In Russia, the language of geometric abstraction first appeared in 1915 in the work of the avant-garde artist Kazimir Malevich (1879–1935) (Museum of Modern Art, New York), in the style he termed Suprematism. Creating nonobjective compositions of elemental forms floating in white unstructured space, Malevich strove to achieve “the absolute,” the higher spiritual reality that he called the “fourth dimension.” Simultaneously, his compatriot Vladimir Tatlin (1885–1953) originated a new geometric abstract idiom in an innovative three-dimensional form, which he first dubbed “painterly reliefs” and subsequently “counter-reliefs” (1915–17). These were assemblages of randomly found industrial materials whose geometric form was dictated by their inherent properties, such as wood, metal, or glass. That principle, which Tatlin called “the culture of materials,” spurred the rise of the Russian avant-garde movement Constructivism (1918–21), which explored geometric form in two and three dimensions. The main practitioners of Constructivism included Liubov Popova (1889–1924), Aleksandr Rodchenko (1891–1956) (Museum of Modern Art, New York), Varvara Stepanova (1894–1958), and El Lissitzky (1890–1941). It was Lissitzky who became the transmitter of Constructivism to Germany, where its principles were later embodied in the teachings of the Bauhaus. Founded by the architect Walter Gropius in Weimar in 1919, it became during the 1920s (and until its dismantling by the Nazis in 1933) the vital proponent of geometric abstraction and experimental modern architecture. As a teaching institution, the Bauhaus encompassed different disciplines: painting, graphic arts, stage design, theater, and architecture. The art faculty was recruited from among the most distinguished painters of the time: Vasily Kandinsky, Paul Klee, Johannes Itten, Oskar Schlemmer, László Moholy-Nagy, Josef Albers, all of whom were devoted to the ideal of the purity of geometric form as the most appropriate expression of the modernist canon.

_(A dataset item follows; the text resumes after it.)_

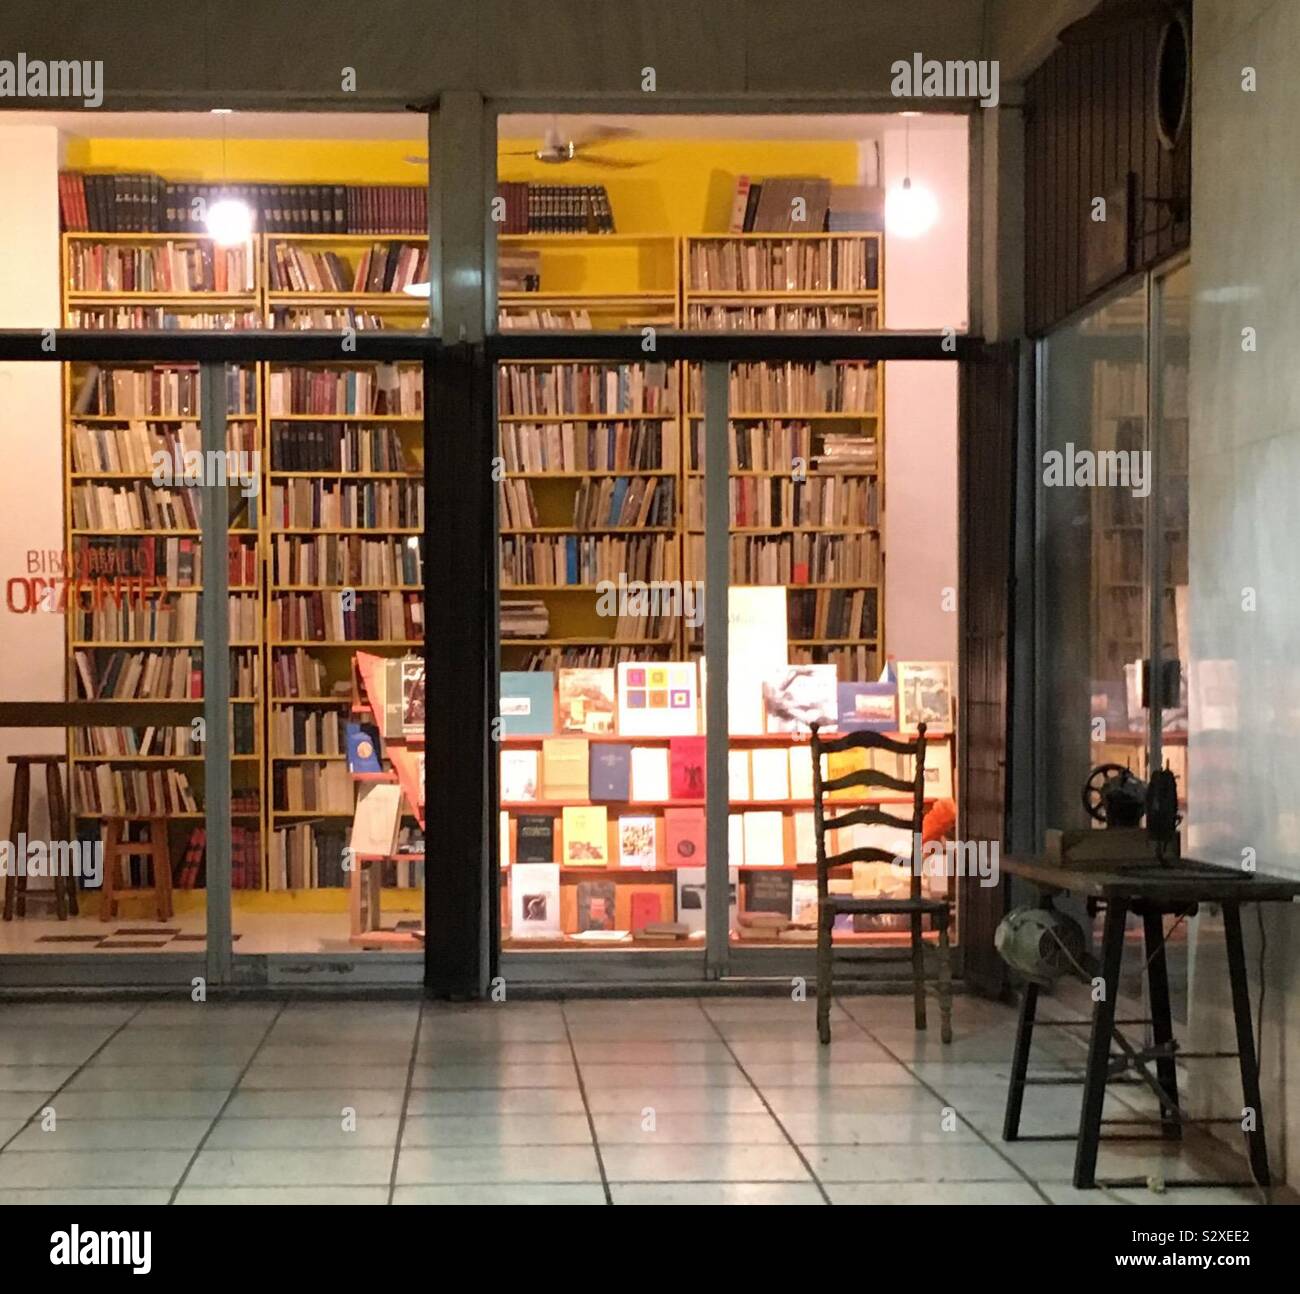 Bookshop in an arcade (stoa) on Akademias St. in Athens, Greece. This area is the academic quarter of Athens with many bookshops near the University of Athens and the National Technical University. Stock Photo
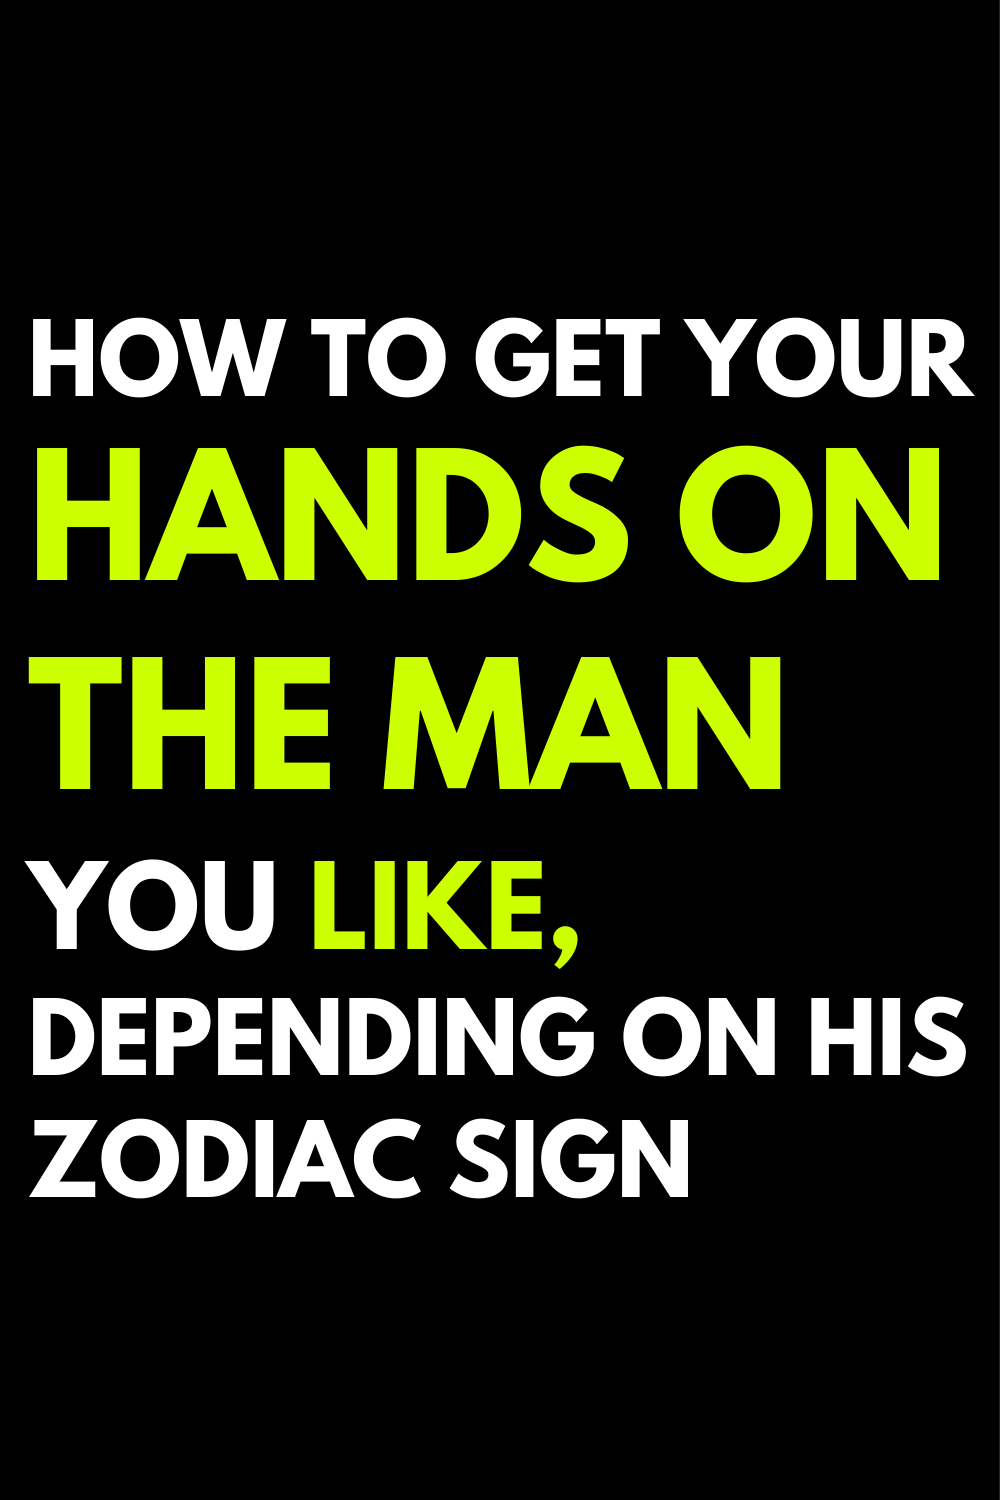 How to get your hands on the man you like, depending on his zodiac sign

In France, during the 1920s, geometric abstraction manifested itself as the underlying principle of the Art Deco style, which propagated broad use of geometric form for ornamental purposes in the decorative and applied arts as well as in architecture. In the 1930s, Paris became the center of a geometric abstraction that arose out of its Synthetic Cubist sources and focused around the group Cercle et Carré (1930), and later Abstraction-Création (1932). With the outbreak of World War II, the focus of geometric abstraction shifted to New York, where the tradition was continued by the American Abstract Artists group (formed in 1937), including Burgoyne Diller and Ilya Bolotowsky. With the arrival of the Europeans Josef Albers (1933) and Piet Mondrian (1940), and such major events as the exhibition Cubism and Abstract Art (1936), organized by the Museum of Modern Art, and the creation of the Museum of Non-Objective Art (1939, now the Guggenheim), the geometric tradition acquired a new resonance, but it was essentially past its creative phase. Its influences, however, reached younger generations of artists, most directly affecting the Minimalist art of the 1960s, which used pure geometric form, stripped to its austere essentials, as the primary language of expression. Artists such as Donald Judd, Dan Flavin, and Dorothea Rockburne studied the geometric tradition and transformed it into their own artistic vocabulary.